All posts tagged bankruptcy

Protecting Tenants at Foreclosure Act – Tenants’ Rights: When to Hire a Lawyer

Many issues tenants face are minor and can be easily resolved by common sense and checking reputable resources on landlord-tenant law, such as a local tenants’ rights group. The more you know the law and your legal rights, the better. The Tenant Rights section of the U.S. Department of Housing and Urban Development (HUD) website provides a wide variety of state and local resources, including links to fair housing groups, rent control boards, tenant unions, and legal aid organizations for each state; even if you don’t qualify for legal aid services, you will find useful information on tenant rights on many legal aid websites. The Nolo website includes many useful articles and books on tenant rights, from breaking a lease to mold in rentals, as well as small claims court (should your dispute involve a security deposit).
Some issues, however, are not easily resolved and can seriously threaten your enjoyment of your rental — or worse, your ability to stay in the rental at all. In these situations, getting a lawyer’s help may be the most effective, albeit costly, way to protect your rights.

Below is a guide to determining whether you need a tenant lawyer or not. If you find yourself in one of the following situations, consider hiring a lawyer.

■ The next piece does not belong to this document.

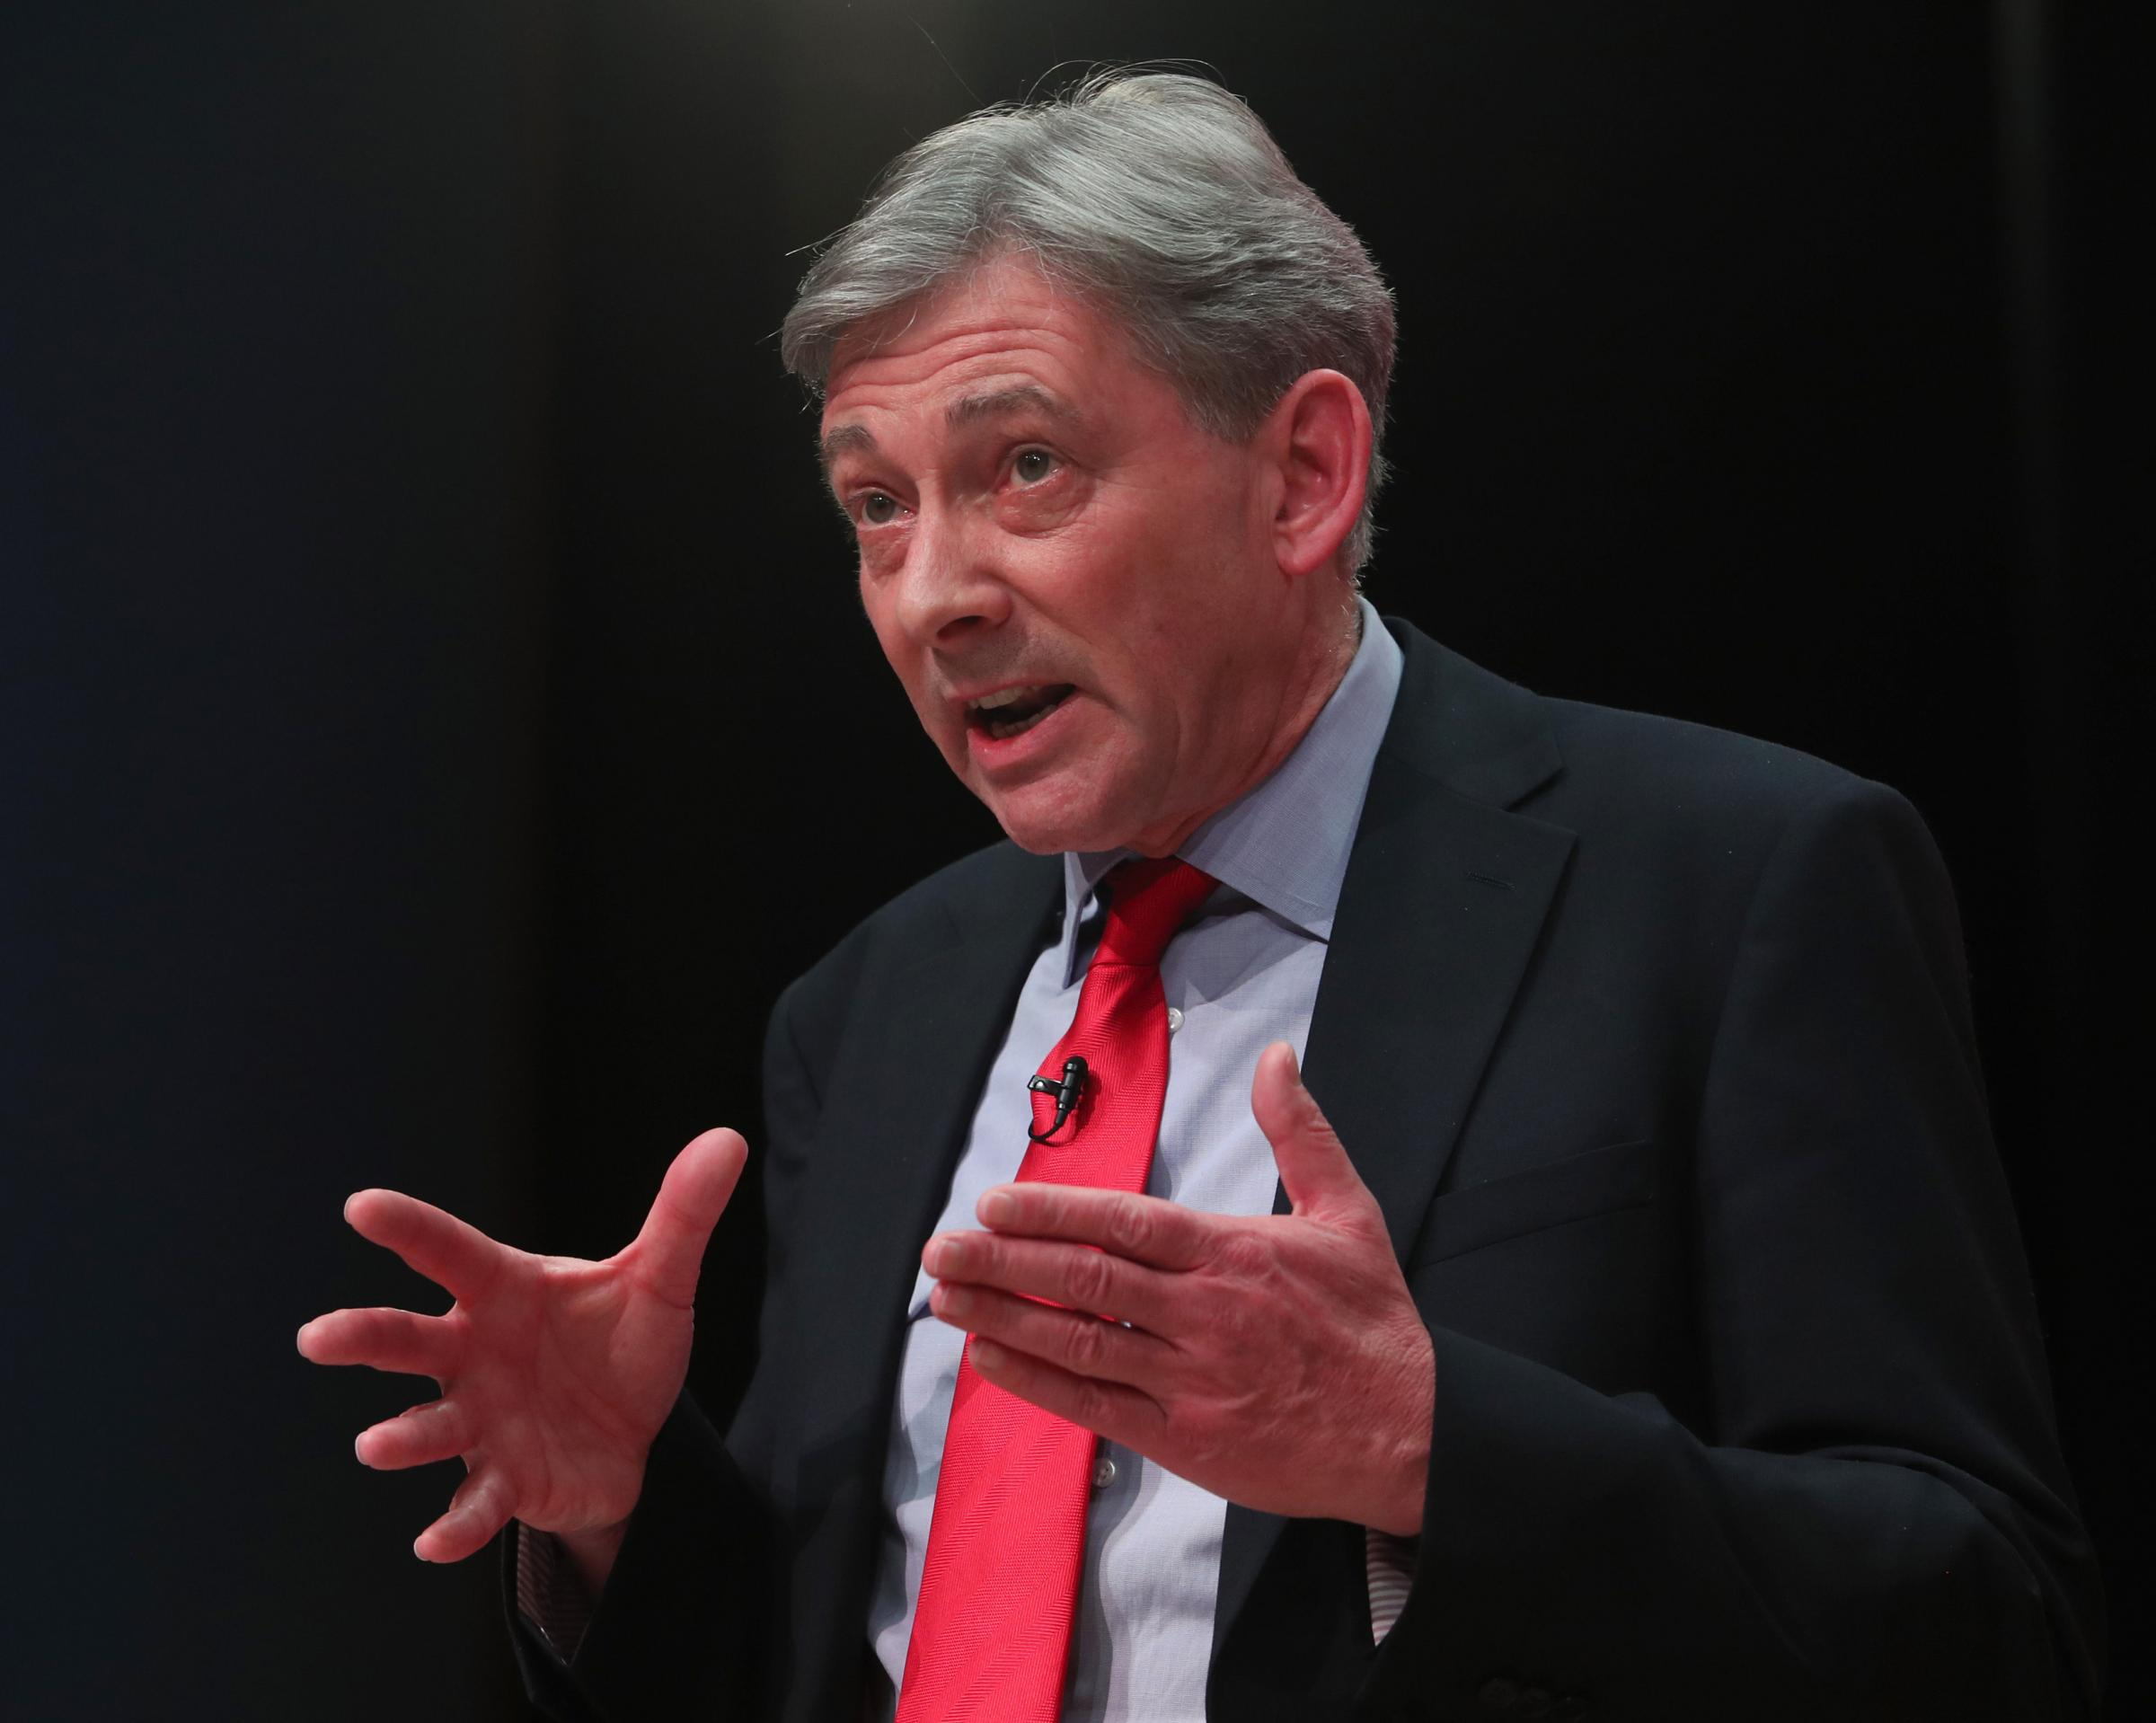 Political crisis in United Kingdom ahead of Brexit debate

Your Landlord is Evicting You
If your landlord serves you with a termination notice that you intend to fight, hiring a lawyer can increase your chance of success. Choose a lawyer that is knowledgeable about landlord-tenant law and has significant experience fighting evictions. Such a lawyer can come up with effective strategies or creative solutions that you might not be aware of — for example, the lawyer could argue that your landlord’s eviction was retaliatory (and therefore illegal) if the circumstances support such a defense. Get a free legal advice online

Your Landlord is Evicting You Without Proper Court Procedures
Landlords must follow eviction procedures set forth by state and local law. If your landlord tries to evict you by taking matters into his own hands — for example, by locking you out, canceling your utilities, or even removing your doors, windows, or possessions — consider hiring a lawyer. These types of “self-help” remedies are illegal. No matter how strong a landlord’s case may be for ending a tenancy, a landlord doesn’t have the right to take, or even threaten, any self-help actions against you.

Your Landlord Discriminates Against You
If you believe your landlord is discriminating against you, you may need a lawyer to stop the illegal actions and help you recover damages for any harm you suffered. One option is to hire a lawyer to sue the landlord in court.

Another option is to file a complaint with the Department of Housing and Urban Development (HUD), or a state or local agency in HUD’s Fair Housing Assistance Program (FHAP).

HUD and state and local agencies in FHAP receive over 10,000 discrimination complaints a year. If HUD investigates your complaint and determines there’s reasonable cause to believe your landlord has been discriminating, you’ll get the benefit of having a HUD lawyer representing you in front of an administrative law judge at no cost. The judge can award you compensation and attorneys’ fees, impose penalties against your landlord, and order other relief.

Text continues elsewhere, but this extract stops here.